- Born: 15 October 1938 Saarbrücken, Gau Saar-Palatinate, Germany
- Died: 17 December 2022 (aged 84)
- Occupations: Writer Journalist

= Marie-Luise Scherer =

German writer and journalist (1938–2022)

Marie-Luise Scherer (15 October 1938 – 17 December 2022) was a German writer and journalist.

==Biography==
Scherer began her career as a reporter for the Kölner Stadt-Anzeiger and later wrote for Berliner Morgenpost and Die Zeit. She was a journalist at Der Spiegel from 1974 to 1998, where she became known for her literary reports. More recently, she wrote autobiographical pieces for Sinn und Form, a bimonthly literature journal of the Academy of Arts, Berlin.

In her writing, Scherer wrote a form she characterized as "syllable work", explaining that "two good sentences in one day is a stroke of luck". For more than 20 years, she wrote a maximum of two reports a year for Der Spiegel.

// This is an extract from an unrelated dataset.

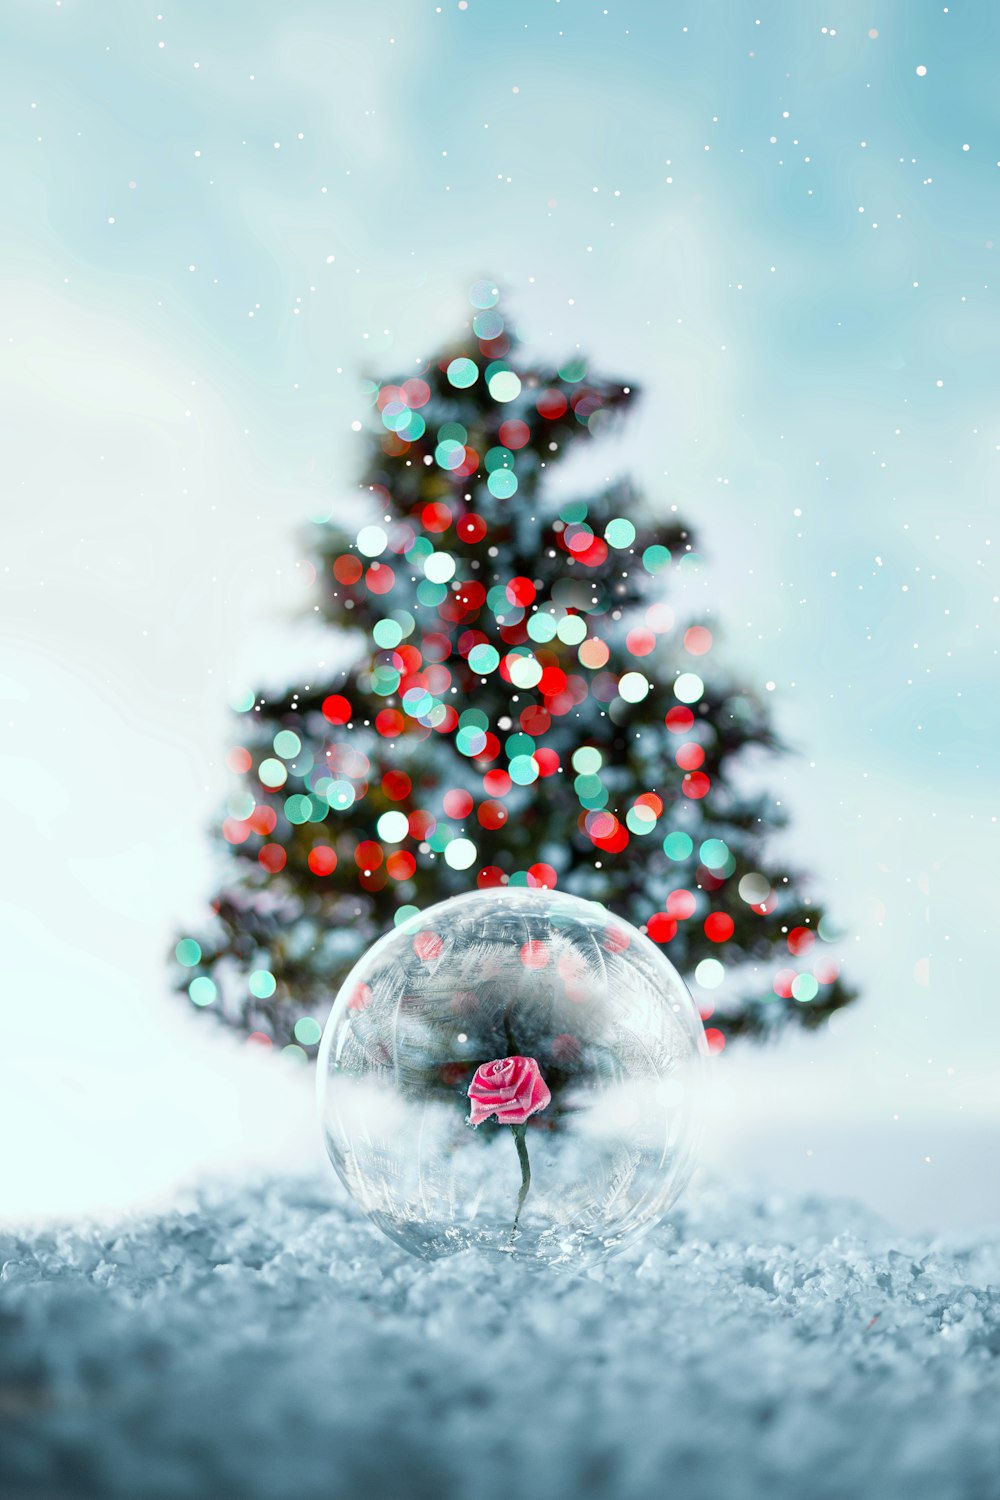 a snow globe with a red rose in it

In 2012, Scherer received the Kunstpreis des Saarlandes for literature. Her works have been translated into French, Italian, and Spanish. She lived in Damnatz and died on 17 December 2022, at the age of 84.

==Awards==
- Theodor Wolff Prize (1970)
- Egon Erwin Kisch Prize for Der Zustand, eine hilflose Person zu sein (1977)
- Egon Erwin Kisch Prize for Auf deutsch gesagt: gestrauchelt (1979)
- Siebenpfeiffer Award (1989)
- Ludwig Börne Prize (1994)
- Italo-Svevo-Preis (2008)
- Heinrich Mann Prize (2011)
- Kunstpreis des Saarlandes (2012)
- Samuel-Bogumil-Linde prize (with Stefan Chwin, 2015)
- Member of the Academy of Arts, Hanseatenweg (2015)

==Works==
- Ungeheurer Alltag. Geschichten und Reportagen (1988)
- Der Akkordeonspieler. Wahre Geschichten aus vier Jahrzehnten (2004)
- Die Bestie von Paris und andere Geschichten (2012)
- Die Hundegrenze (2013)
- Unter jeder Lampe gab es Tanz (2014)
- Der Akkordeonspieler (2017)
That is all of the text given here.